■ **Your assignment**
Only the lines below from the one containing "Huisnummer Acryl wit, cijfer" through the one containing "Fremdenblatt Schönwald" belong in the answer, repeated exactly and without pictures.

■ **Listed entries**

• • • • • • •

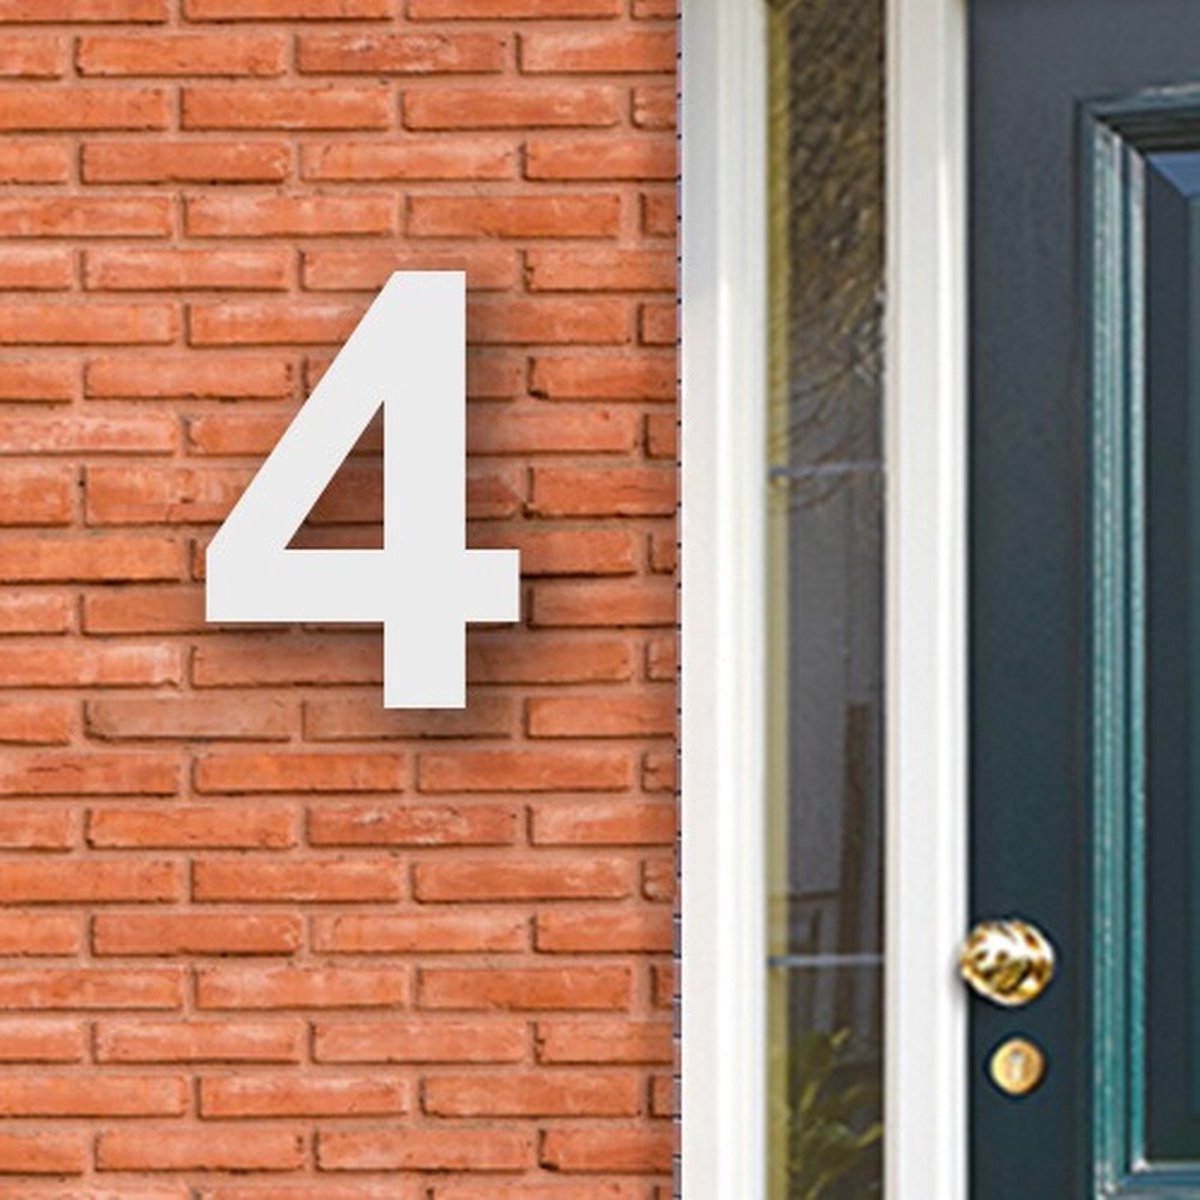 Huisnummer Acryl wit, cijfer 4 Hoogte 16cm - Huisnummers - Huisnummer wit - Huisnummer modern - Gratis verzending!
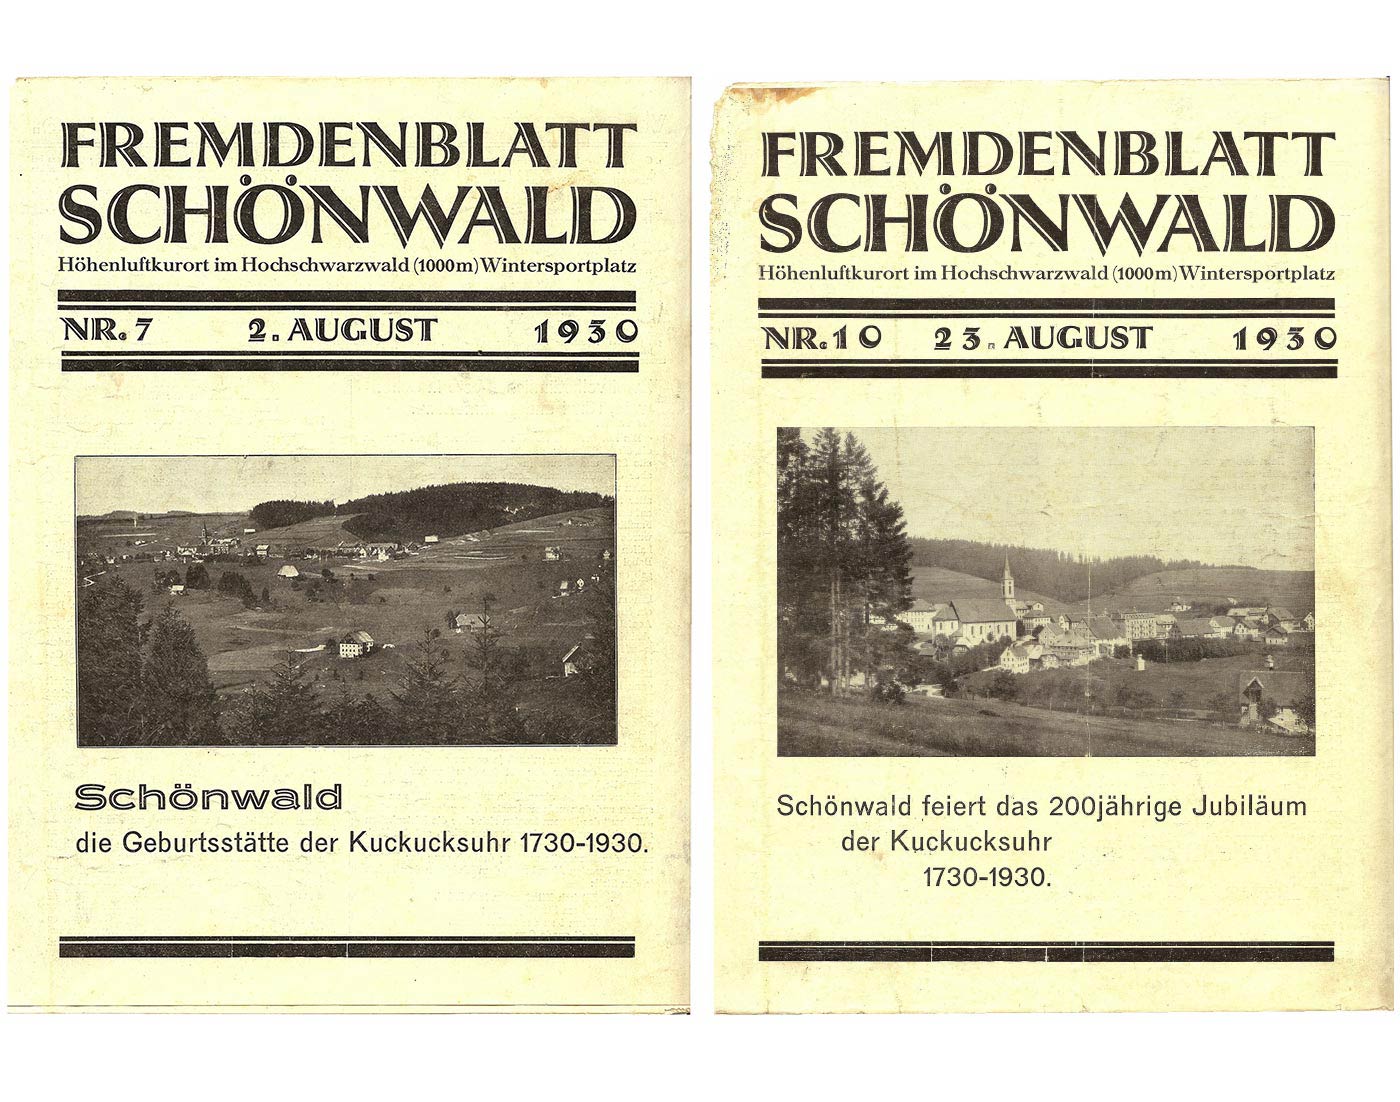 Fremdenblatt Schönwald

• • • • • • •

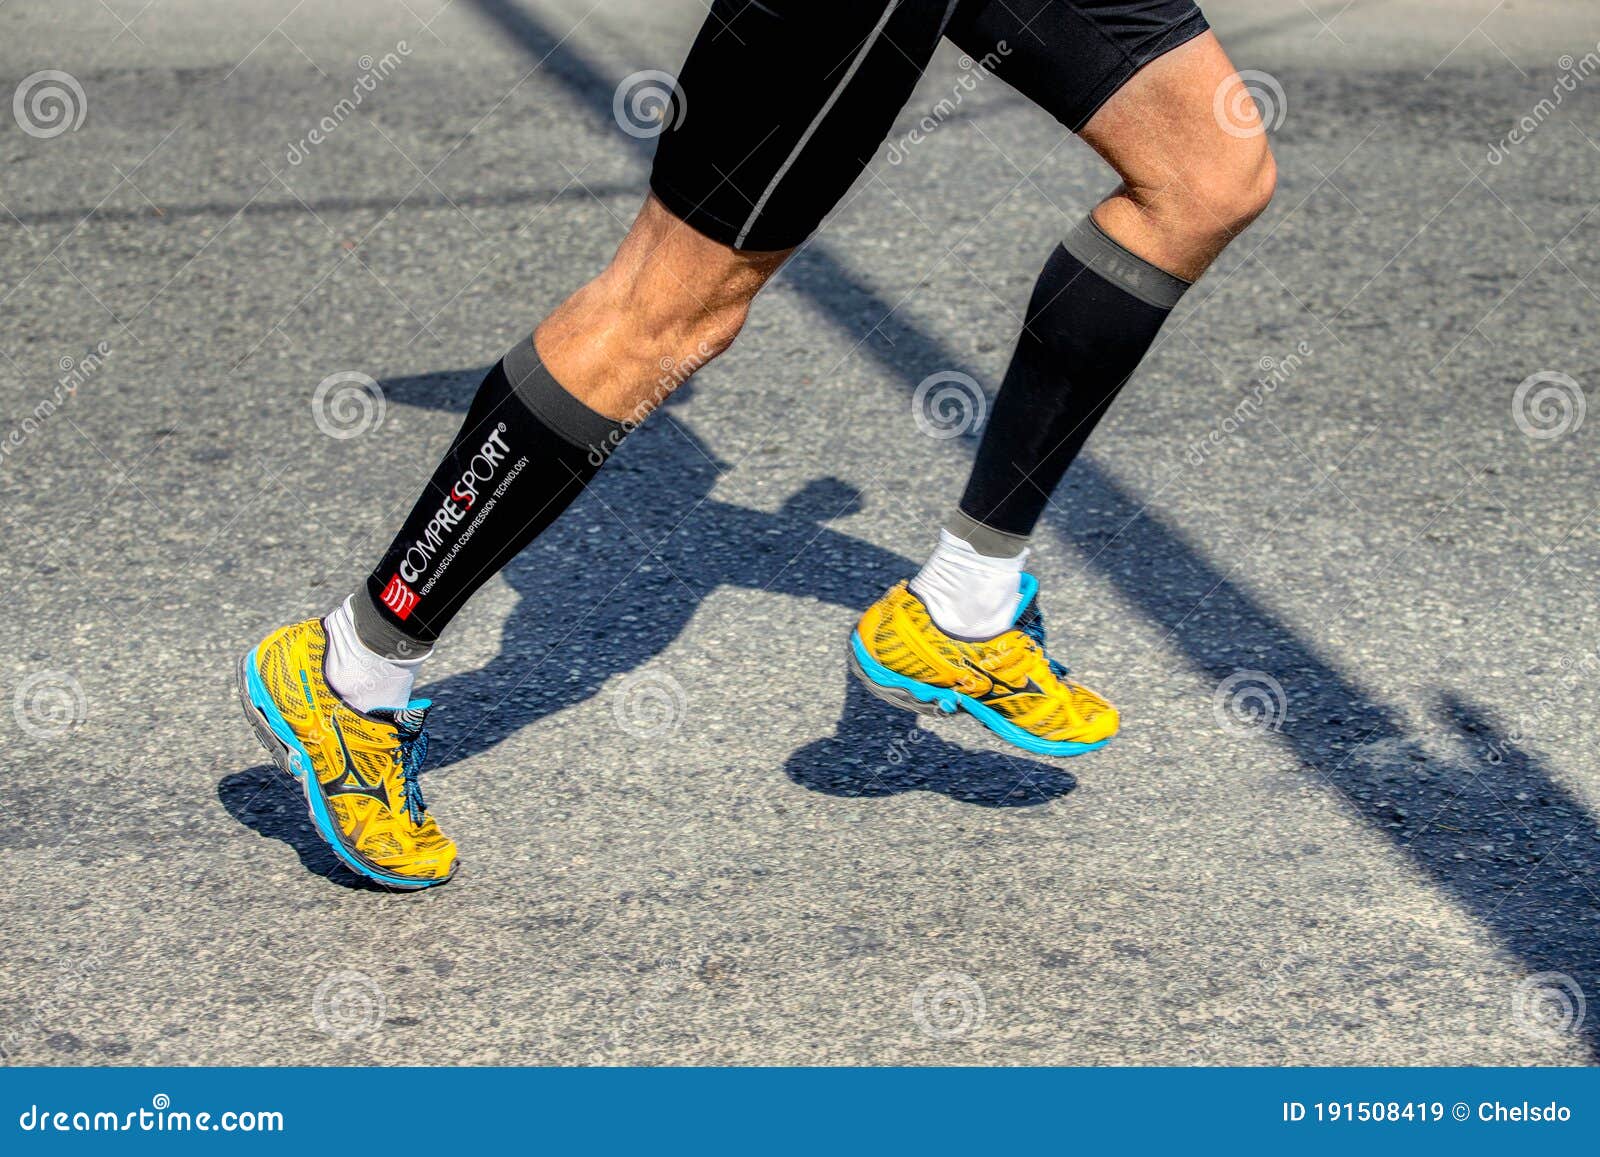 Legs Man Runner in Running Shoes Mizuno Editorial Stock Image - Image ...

• • • • • • •

■ **Written solution**
 Huisnummer Acryl wit, cijfer 4 Hoogte 16cm - Huisnummers - Huisnummer wit - Huisnummer modern - Gratis verzending!
 Fremdenblatt Schönwald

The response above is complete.